Ahead of them, a battered truck labored toward the Zion gate, a truck that threatened to collapse under the weight of what seemed to be a thousand people who fought each other in an effort to cling to the battered boards on its sides. Balthazar struggled toward it.
"Bruckner!" Balthazar yelled.
Shortcut. My God, we can get out of here -
The Fists clubbed people out of their way to make a path toward the tailgate of the truck. Someone
reached a three-fingered hand down to Zoe and pulled her aboard.
Angel, Jan and Anne tumbled in beside her. The truck stank of chickenshit. An occasional white feather floated free and out into the street.
Zoe tried to get farther forward, tried to make space for Balthazar, who clung to one of the slats on the truck's side and aimed his rifle at the crowd that followed the truck. The truck's gears ground against each other in agony.
"Only chance," Balthazar panted. "Countdown's running!"
The nuke! The Black Dog was setting off the nuke?
Anne held Angelfish on her lap and sheltered him as best she could with her shoulders, Michaelangelo's Pieta - Jan pressed a wad of her skirt against the wound on Angel's side; bright blood seeped around the girl's fingers. The truck sideswiped a Mercedes and slewed the other way, its tires screeching. Bruckner was getting up some speed, but they were still within the city walls.
Balthazar slammed the butt of his rifle, once, twice, on a pair of hands that clung to the tailgate. He was crying, and he kicked at another joker who tried to climb aboard.
Zoe understood his pain, the necessity of what he was doing; Bruckner had to get the truck out the gate and up to speed or they couldn't get gone, couldn't save even the few who had managed to fight their way onto this ark. Jan, Mama, Angelfish, if he lived, the three-fingered joker who had helped pull Zoe aboard, the others who whimpered and clung to each other in the crowded truck. All of them might survive, if Bruckner could do his trick with distance.
"Zoe!" Balthazar yelled. "Can you help Bruckner?"
He motioned toward the cab.
Zoe nodded. "I can try!" she yelled.
Hands pushed her to her feet. Jan looked up from where she huddled by Angelfish; Jan's eyes glowing bright with terror and hope in the smoky, sand-filled air.
Get Jan out! Save her!
Bjorn's voice bellowed louder than the roar of the truck's laboring engine.
Save these few, not the whole world, but they are dear and precious; yes, Daddy, I'll try.
Jokers shifted out of Zoe's way, pushed her, lifted her over their bodies and forward toward the cab.
Help Bruckner? If she could, she would animate the whole damned truck, give it wings, fly it over the Zion gate.
The three-fingered joker smiled at Zoe as she was handed over him. He smiled, and coughed, and covered his face with his hand. He stared puzzled, at the bloody mucus in his palm.
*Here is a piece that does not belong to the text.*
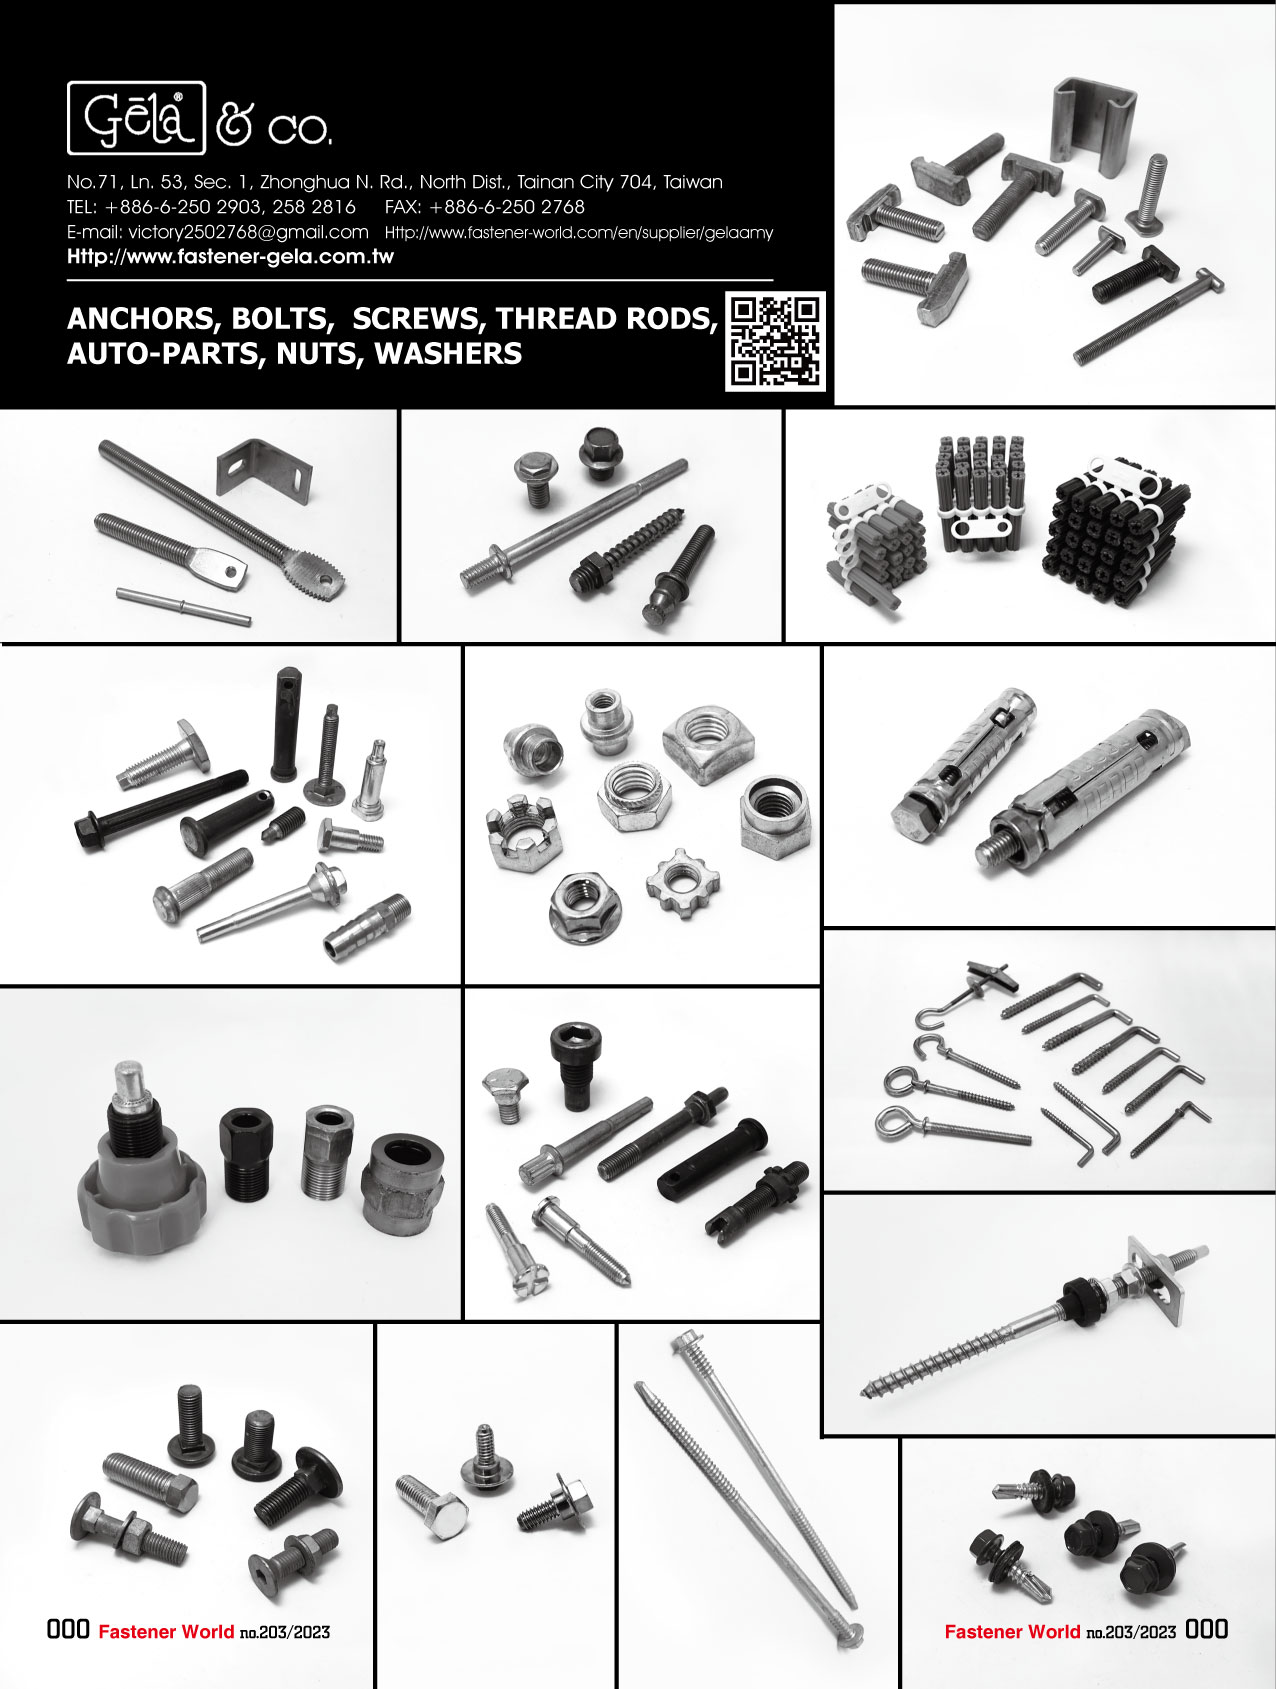 GELA & COMPANY  , Anchors, Bolts, Screws, Thread Rods, Auto-Parts, Nuts, Washers , Automotive Parts

Zoe tumbled through the window of the cab and over the lap of a rifle-wielding Fist before the realization struck her.
The joker was dying. We carry the Black Trump. Can't leave. Can't take the Black Trump out of the City. Can't.
"You, is it?" Bruckner's massive arms fought the rust-stained wheel of the rickety truck.
"Yeah. Zoe." She sat wedged between Bruckner and a Fist with a rifle who peppered the crowd with bullets to try to clear a way for the roaring truck.
The truck crashed through a barrier of seller's carts, old chairs, scrap wood. They flew aside; revealing a more substantial barricade made of parked cars. Bruckner geared the truck down and bulldozed his way through, while metal screeched and glass shattered. The gate was not a hundred yards away. Beyond it, Zoe caught a glimpse of the UN flag, whipping in the vellow gusts of the simoom.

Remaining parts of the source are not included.